Getting started with Treetop
I’ve been doing some work with Treetop lately. It’s a parsing expression grammar library for Ruby that claims:
Parsing expression grammars (PEGs) are simple to write and easy to maintain. They are a simple but powerful generalization of regular expressions that are easier to work with than the LALR or LR-1 grammars of traditional parser generators. There’s no need for a tokenization phase, and lookahead assertions can be used for a limited degree of context-sensitivity.
And that’s true. PEGs are, for the most part, easy to write and maintain. A couple of excellent talks at LRUG a few months ago demonstrated just how easy and useful they can be.
However, whilst PEGs may be simple in concept, I think many people have found it hard just to get started with Treetop. The documentation is sparse, and doesn’t present a good introduction for the first-time user. It certainly took me quite a while to get to the black triangle stage. So, while the struggle is fresh in my mind, I’ve decided to try to help out those who follow.
I’ve put together a project on GitHub with a couple of examples of Treetop grammars that parse HTML files. The first is very simple, and simply splits the file up into text or tags.
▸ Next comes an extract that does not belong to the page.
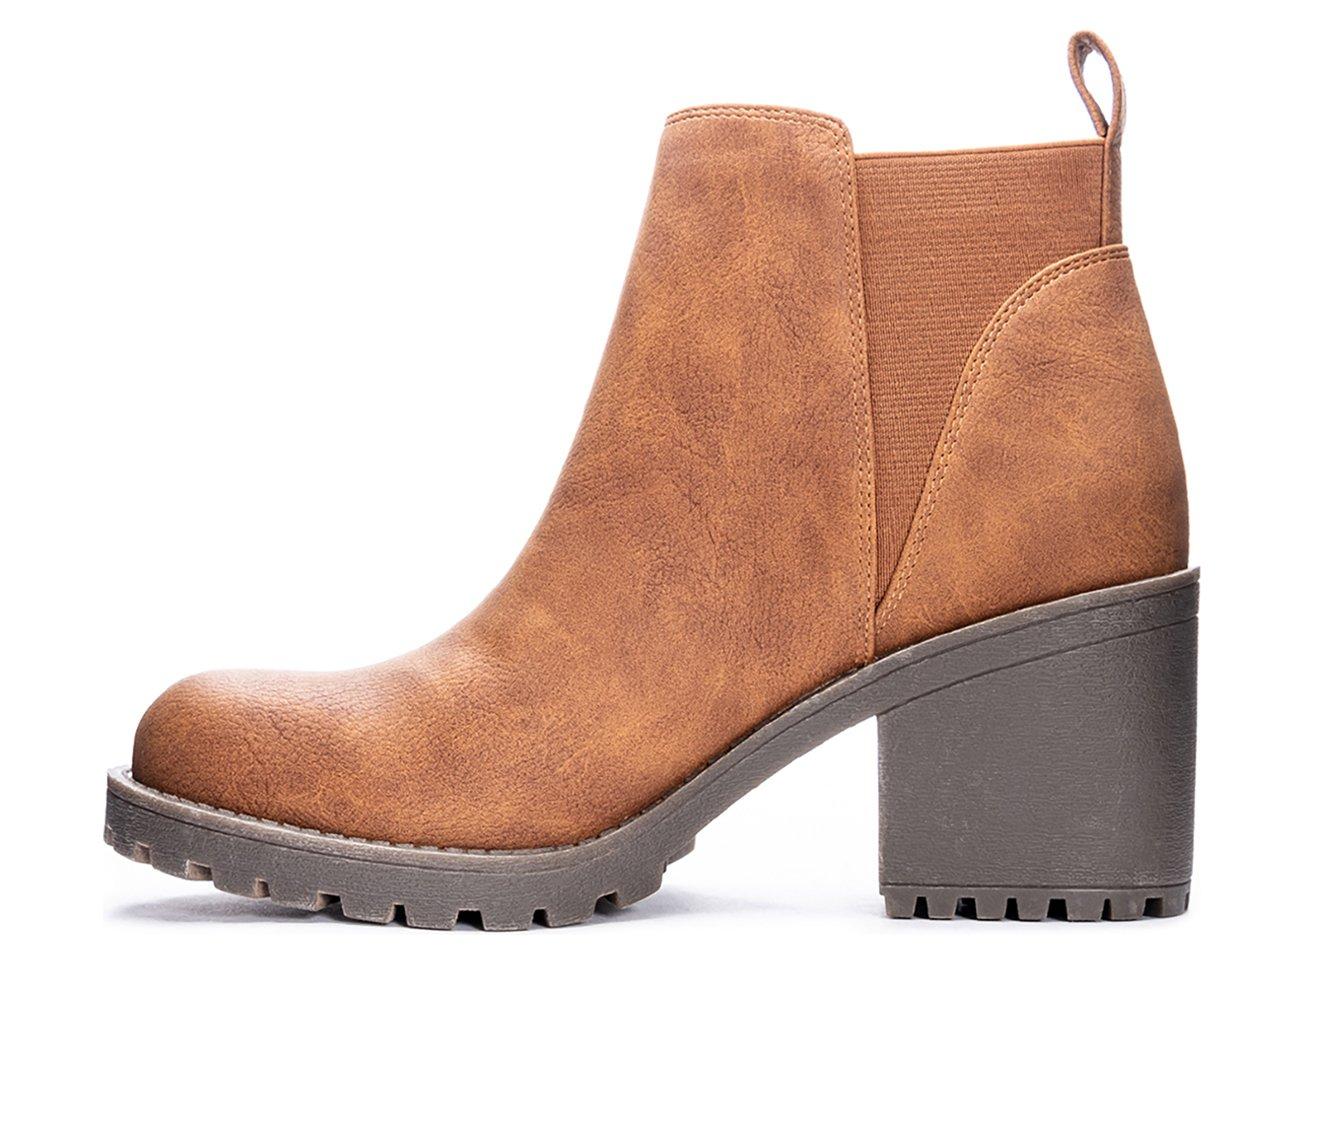 Women's Dirty Laundry Lido Lugged Chelsea Boots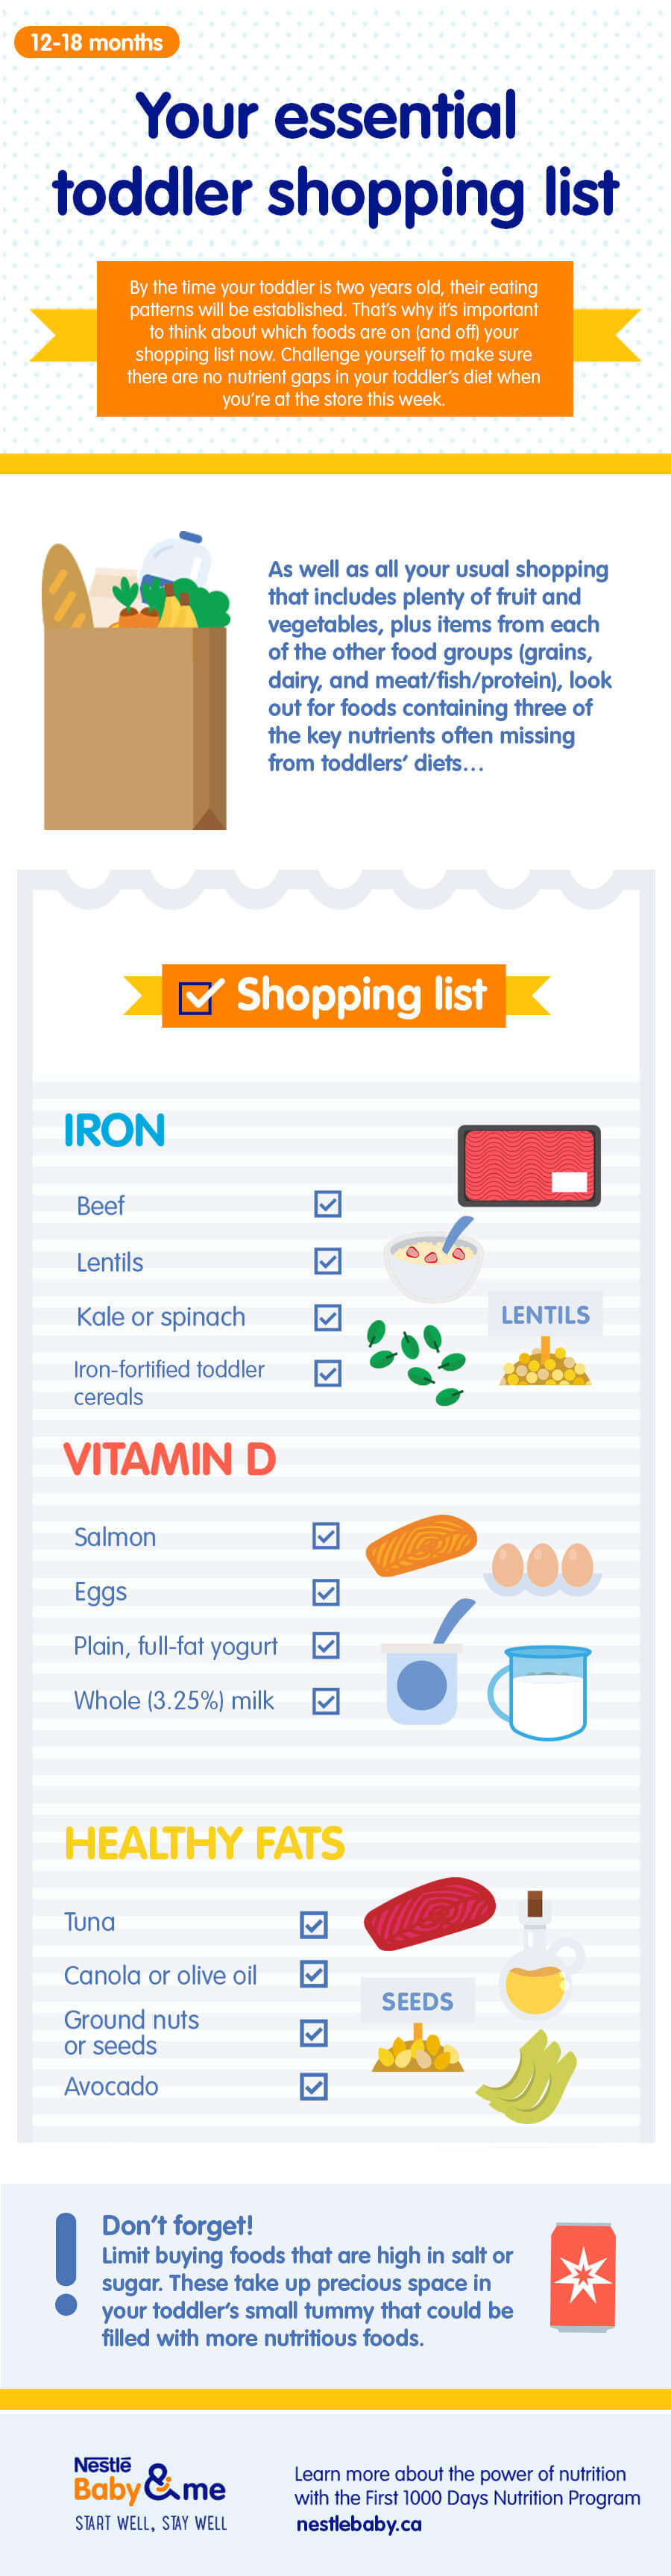 Your essential toddler shopping list

The second, more complex, example processes opening, closing, and empty tags separately and extracts attributes.
I’ll walk you through the process of building up the simple grammar and using it to parse a file.
First, install the treetop
and
polyglot
libraries (you can do this via gem
install
). polyglot
allows you to load Treetop
grammars directly in Ruby via require
, which makes
development a bit easier.
We’re going to write a parser that simply splits an HTML
document into tags and text. Here’s a grammar file I’m going to
call simple_html.treetop
:
grammar SimpleHTML rule document (text / tag)* end rule text [^<]+ end rule tag "<" [^>]+ ">" end end
All this says is that a document consists of zero or more
tags and text. Text is anything without an angle
bracket. A tag starts with an angle bracket, contains one or more
characters that aren’t a closing angle bracket, and finishes with a
closing angle bracket. It’s important that we put the parent rule
(document
) at the top so that it is matched in
preference to the child rules that come later.
This grammar doesn’t let us get at the content easily, but it does tell us whether a document conforms to our grammar:
require "treetop" require "polyglot" require "simple_html" parser = SimpleHTMLParser.new p parser.parse("") # => SyntaxNode offset=0, "" p parser.parse("<<<<<") # => nil p parser.parse("<p>Paragraph</p>") # => SyntaxNode offset=0, "<p>Paragraph</p>": # SyntaxNode+Tag0 offset=0, "<p>": # SyntaxNode offset=0, "<" # SyntaxNode offset=1, "p": # SyntaxNode offset=1, "p" # SyntaxNode offset=2, ">" # ...
The first important point is that Treetop generates a Parser
class whose name is that of the grammar followed by
Parser
. In this case, grammar SimpleHTML
has given us class SimpleHTMLParser
.
The second point is that parse returns nil
if it
can’t parse the document.
Now, whilst it’s obvious from the SyntaxNode
output
that something is happening, it’s not immediately useful. But these
nodes are Ruby objects, and Treetop lets us define our own methods
on them. The simplest way to do this is to put some Ruby methods
inline in the grammar file, surrounded by braces:
grammar SimpleHTML rule document (text / tag)* { def content elements.map{ |e| e.content } end } end rule text [^<]+ { def content [:text, text_value] end } end rule tag "<" [^>]+ ">" { def content [:tag, text_value] end } end end
The text_value
method gives us access to the raw
content of a node. elements
lets us dig down a level
into the child nodes. If we now call the content
method on our parsed document, we get a list of text and tags,
thus:
require "treetop" require "polyglot" require "simple_html" parser = SimpleHTMLParser.new p parser.parse("<p>Paragraph</p>").content # => [[:tag, "<p>"], [:text, "Paragraph"], [:tag, "</p>"]]
We’re on our way now. By expanding the rules, we can get down into tag types and attributes, as in this more complex grammar.
Some other points are worth noting:
- You don’t have to use
polyglot
. You can use the command-linett
program to convert a Treetop grammar into Ruby. This gives better error reporting, and may save time if you have a particularly complex grammar, as it only needs to be processed once. - You can subclass SyntaxNode and define methods in a separate Ruby file. This gives better backtraces.
- Treetop is greedy in its consumption of input. This makes some things that would be easy in regular expressions quite difficult in Treetop.
Have a look at my Treetop examples if you want to get started or just play around. I hope I’ve managed to save someone a bit of time.